Records contained in a dataset
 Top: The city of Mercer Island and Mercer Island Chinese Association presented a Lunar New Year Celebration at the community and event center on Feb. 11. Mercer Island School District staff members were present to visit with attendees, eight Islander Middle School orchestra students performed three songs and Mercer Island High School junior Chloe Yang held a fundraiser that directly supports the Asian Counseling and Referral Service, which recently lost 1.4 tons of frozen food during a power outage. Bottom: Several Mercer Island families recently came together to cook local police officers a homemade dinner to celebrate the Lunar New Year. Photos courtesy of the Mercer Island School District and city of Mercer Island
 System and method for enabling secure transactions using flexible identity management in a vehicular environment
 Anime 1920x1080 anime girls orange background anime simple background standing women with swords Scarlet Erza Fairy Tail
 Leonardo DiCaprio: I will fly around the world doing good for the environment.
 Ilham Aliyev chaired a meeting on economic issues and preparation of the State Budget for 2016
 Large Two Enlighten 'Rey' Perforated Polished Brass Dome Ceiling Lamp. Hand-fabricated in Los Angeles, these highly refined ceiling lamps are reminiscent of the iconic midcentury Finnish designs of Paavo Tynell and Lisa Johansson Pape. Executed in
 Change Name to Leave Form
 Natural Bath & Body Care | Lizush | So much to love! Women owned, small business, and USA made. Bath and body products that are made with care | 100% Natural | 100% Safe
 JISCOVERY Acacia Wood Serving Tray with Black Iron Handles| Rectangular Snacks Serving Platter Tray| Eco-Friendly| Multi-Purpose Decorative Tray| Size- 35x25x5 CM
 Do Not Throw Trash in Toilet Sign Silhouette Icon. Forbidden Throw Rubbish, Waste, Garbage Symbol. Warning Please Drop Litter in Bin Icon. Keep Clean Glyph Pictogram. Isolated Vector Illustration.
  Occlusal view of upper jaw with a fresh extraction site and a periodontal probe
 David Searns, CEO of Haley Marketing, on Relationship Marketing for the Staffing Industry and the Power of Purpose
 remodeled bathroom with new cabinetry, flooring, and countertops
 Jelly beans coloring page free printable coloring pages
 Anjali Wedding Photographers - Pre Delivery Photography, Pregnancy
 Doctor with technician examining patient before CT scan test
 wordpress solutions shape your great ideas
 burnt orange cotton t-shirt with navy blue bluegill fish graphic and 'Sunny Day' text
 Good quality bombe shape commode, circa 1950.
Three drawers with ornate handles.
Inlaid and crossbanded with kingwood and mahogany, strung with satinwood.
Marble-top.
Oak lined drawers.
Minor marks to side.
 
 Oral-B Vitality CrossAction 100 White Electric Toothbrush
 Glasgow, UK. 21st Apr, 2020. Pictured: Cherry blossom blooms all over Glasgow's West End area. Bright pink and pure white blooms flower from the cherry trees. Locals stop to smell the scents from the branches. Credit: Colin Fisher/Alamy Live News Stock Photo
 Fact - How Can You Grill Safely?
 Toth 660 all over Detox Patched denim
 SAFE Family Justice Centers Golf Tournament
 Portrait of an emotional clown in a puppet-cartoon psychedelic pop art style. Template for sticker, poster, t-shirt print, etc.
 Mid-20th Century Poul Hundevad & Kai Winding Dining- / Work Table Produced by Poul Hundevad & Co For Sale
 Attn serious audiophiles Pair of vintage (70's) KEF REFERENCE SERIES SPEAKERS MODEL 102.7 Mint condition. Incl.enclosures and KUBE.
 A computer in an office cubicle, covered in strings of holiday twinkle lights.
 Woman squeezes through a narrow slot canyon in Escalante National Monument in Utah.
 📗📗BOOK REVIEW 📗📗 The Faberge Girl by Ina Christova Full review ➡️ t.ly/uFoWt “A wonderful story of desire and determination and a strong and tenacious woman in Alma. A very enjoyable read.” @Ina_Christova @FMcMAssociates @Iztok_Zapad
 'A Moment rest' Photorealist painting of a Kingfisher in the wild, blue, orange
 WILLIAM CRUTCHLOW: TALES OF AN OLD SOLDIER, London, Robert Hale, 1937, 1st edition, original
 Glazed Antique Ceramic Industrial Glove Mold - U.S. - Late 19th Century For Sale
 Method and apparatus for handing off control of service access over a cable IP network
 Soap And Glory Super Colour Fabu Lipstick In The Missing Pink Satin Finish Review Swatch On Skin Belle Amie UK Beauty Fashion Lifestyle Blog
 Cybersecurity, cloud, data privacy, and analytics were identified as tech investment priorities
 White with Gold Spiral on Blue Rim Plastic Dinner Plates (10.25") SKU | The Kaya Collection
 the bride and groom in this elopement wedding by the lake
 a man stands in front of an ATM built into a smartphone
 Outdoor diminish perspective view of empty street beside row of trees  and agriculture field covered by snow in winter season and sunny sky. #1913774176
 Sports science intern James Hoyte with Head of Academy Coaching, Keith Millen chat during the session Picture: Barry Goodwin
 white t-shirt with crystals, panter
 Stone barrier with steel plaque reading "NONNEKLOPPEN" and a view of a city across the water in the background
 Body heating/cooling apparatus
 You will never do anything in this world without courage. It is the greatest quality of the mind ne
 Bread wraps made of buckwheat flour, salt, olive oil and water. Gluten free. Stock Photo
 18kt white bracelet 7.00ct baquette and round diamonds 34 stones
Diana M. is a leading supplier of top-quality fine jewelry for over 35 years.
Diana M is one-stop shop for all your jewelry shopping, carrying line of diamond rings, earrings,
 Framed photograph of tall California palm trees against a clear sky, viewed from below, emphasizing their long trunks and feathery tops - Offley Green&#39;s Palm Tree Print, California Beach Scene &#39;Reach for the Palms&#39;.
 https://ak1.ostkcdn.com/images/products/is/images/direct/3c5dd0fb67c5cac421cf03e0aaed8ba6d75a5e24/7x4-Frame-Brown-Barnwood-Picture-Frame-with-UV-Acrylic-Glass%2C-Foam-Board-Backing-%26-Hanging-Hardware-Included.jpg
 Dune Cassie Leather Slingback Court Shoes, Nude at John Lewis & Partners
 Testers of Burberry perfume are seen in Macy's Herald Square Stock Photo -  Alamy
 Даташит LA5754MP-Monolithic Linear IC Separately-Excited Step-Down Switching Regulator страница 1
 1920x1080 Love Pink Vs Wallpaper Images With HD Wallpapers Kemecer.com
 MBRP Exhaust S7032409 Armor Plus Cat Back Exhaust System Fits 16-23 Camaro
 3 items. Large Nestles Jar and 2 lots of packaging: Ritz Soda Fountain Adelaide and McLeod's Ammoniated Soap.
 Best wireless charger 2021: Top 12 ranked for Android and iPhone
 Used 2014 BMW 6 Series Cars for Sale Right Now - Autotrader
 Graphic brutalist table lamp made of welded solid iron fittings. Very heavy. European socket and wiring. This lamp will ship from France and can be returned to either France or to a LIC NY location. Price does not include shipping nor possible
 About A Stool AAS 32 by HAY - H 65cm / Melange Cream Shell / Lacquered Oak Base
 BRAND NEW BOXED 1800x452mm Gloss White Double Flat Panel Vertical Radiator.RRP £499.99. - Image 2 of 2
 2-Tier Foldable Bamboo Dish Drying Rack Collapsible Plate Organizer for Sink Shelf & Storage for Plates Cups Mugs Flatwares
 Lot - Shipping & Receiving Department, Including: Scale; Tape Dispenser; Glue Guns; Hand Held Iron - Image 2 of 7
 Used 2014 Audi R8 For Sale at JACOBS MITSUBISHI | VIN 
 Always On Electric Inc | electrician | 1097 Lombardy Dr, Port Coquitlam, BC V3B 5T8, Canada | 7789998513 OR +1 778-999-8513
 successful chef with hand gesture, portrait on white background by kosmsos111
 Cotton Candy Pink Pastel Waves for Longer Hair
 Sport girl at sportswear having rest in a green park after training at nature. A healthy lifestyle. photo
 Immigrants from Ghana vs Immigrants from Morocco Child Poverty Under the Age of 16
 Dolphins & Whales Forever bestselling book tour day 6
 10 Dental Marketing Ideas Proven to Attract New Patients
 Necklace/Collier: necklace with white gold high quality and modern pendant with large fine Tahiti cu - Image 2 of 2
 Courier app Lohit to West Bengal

WHAT THE EXERCISE ASKS
Check every line of the entries above, and copy those that carry the string "rest".

RESULT OF THE EXERCISE
 'A Moment rest' Photorealist painting of a Kingfisher in the wild, blue, orange
 Sport girl at sportswear having rest in a green park after training at nature. A healthy lifestyle. photo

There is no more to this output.